The present invention is not limited to these. For example,
It will be apparent to those skilled in the art that various changes, improvements, combinations and the like can be made.

[0078]

As described above, according to the present invention,
Since the DSP and the CPU can share the same memory, the utilization efficiency of hardware resources can be improved.

Further, by sharing the same memory between the DSP and the CPU, the circuit structure can be simplified. When the DSP and the CPU are integrated on one chip, the number of pins of this integrated circuit device can be reduced.

[Brief description of drawings]

FIG. 1 is a block diagram showing a musical sound control device according to an embodiment of the present invention.

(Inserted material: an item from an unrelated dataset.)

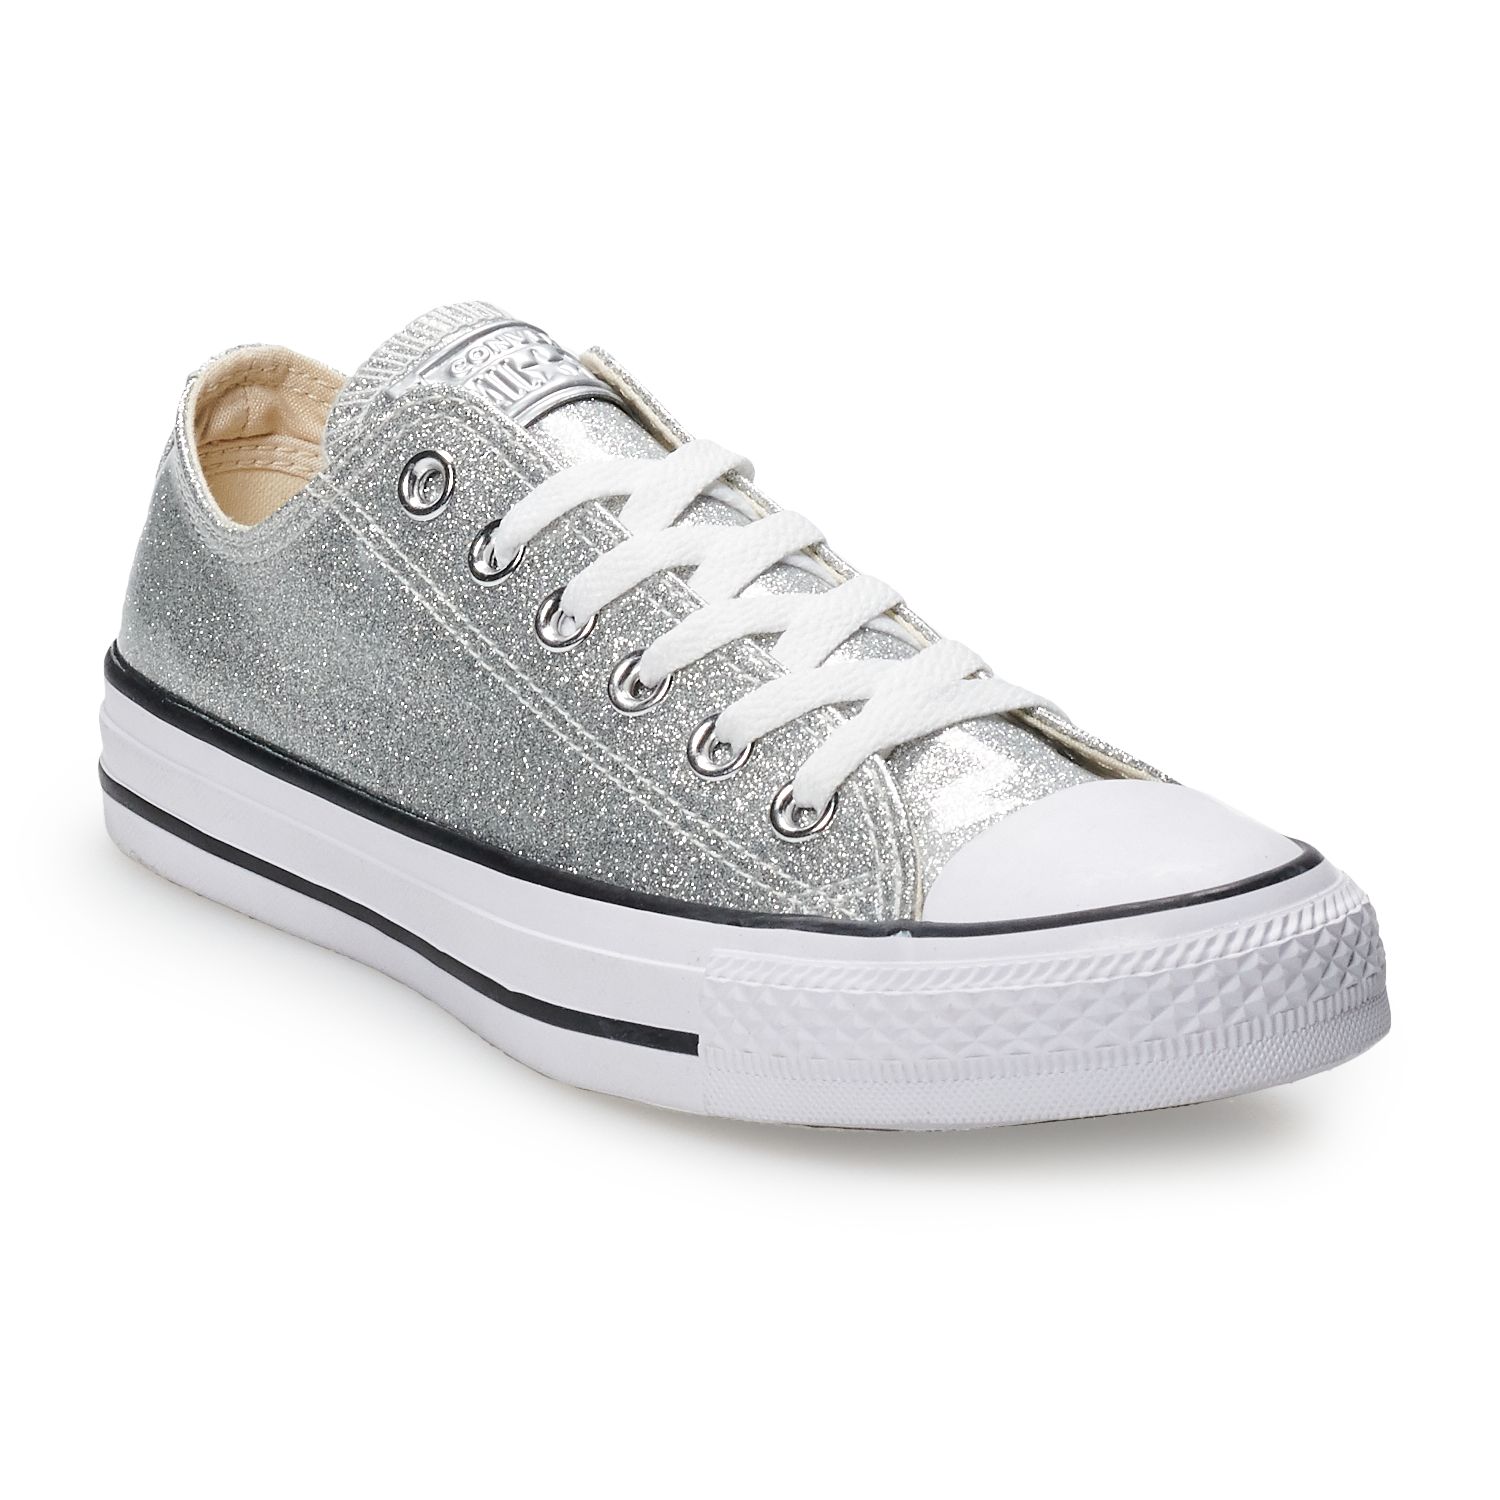 converse sparkle sneakers

FIG. 2 is a memory map of a memory in the embodiment of FIG.

FIG. 3 is a block diagram showing a configuration example of a bus control circuit in the embodiment of FIG.

FIG. 4 is a block diagram showing a configuration example of a DSP used in the embodiment of FIG.

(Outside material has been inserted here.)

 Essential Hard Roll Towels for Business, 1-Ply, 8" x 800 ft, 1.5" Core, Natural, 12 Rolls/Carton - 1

5 is a schematic diagram showing a configuration example of a coefficient register, an address register, and a micro program register in the DSP of FIG.

FIG. 6 is a timing chart for explaining the operation of the embodiment of FIG.

FIG. 7 is a block diagram showing a configuration example of a tone control device according to a conventional technique.

[Explanation of symbols]

 1 CPU Address Bus 2 CPU Data Bus 3 CPU 4 Sound Source Circuit 5 DSP 6 DAC 7 Sound System 8 Bus Control Circuit 10 Memory 13, 15 Data Bus Gate 14, 16 Address Bus Gate 17 DPS Access Line 18 CPU Access Line 21 External Storage Device 22, 24, 26 I / F 23 Panel 25 Keyboard 27 Decoder 29 Clock Generation Circuit 35 JK Flip-Flop 36, 37 AND Circuit 38 Inverter CR Coefficient Register AR Address Register MPR Micro Program Register TCL Timing Control Reg Register Sel Selector Mul Multiplier Ad Adder

─────────────────────────────────────────────────── ─── Continuation of the front page (51) Int.Cl. ⁶ Identification code Internal reference number FI technical display location G10H 7/02

Claims (1)

[Claims] 1. A musical tone control device for controlling a musical tone signal supplied from a tone generator circuit, the CPU performing arithmetic processing according to an externally stored program, and the arithmetic processing according to a micro program stored inside. A tone control apparatus having a DSP, a memory accessible from the CPU and the DSP, and address control means for controlling access from the CPU and the DSP to the memory.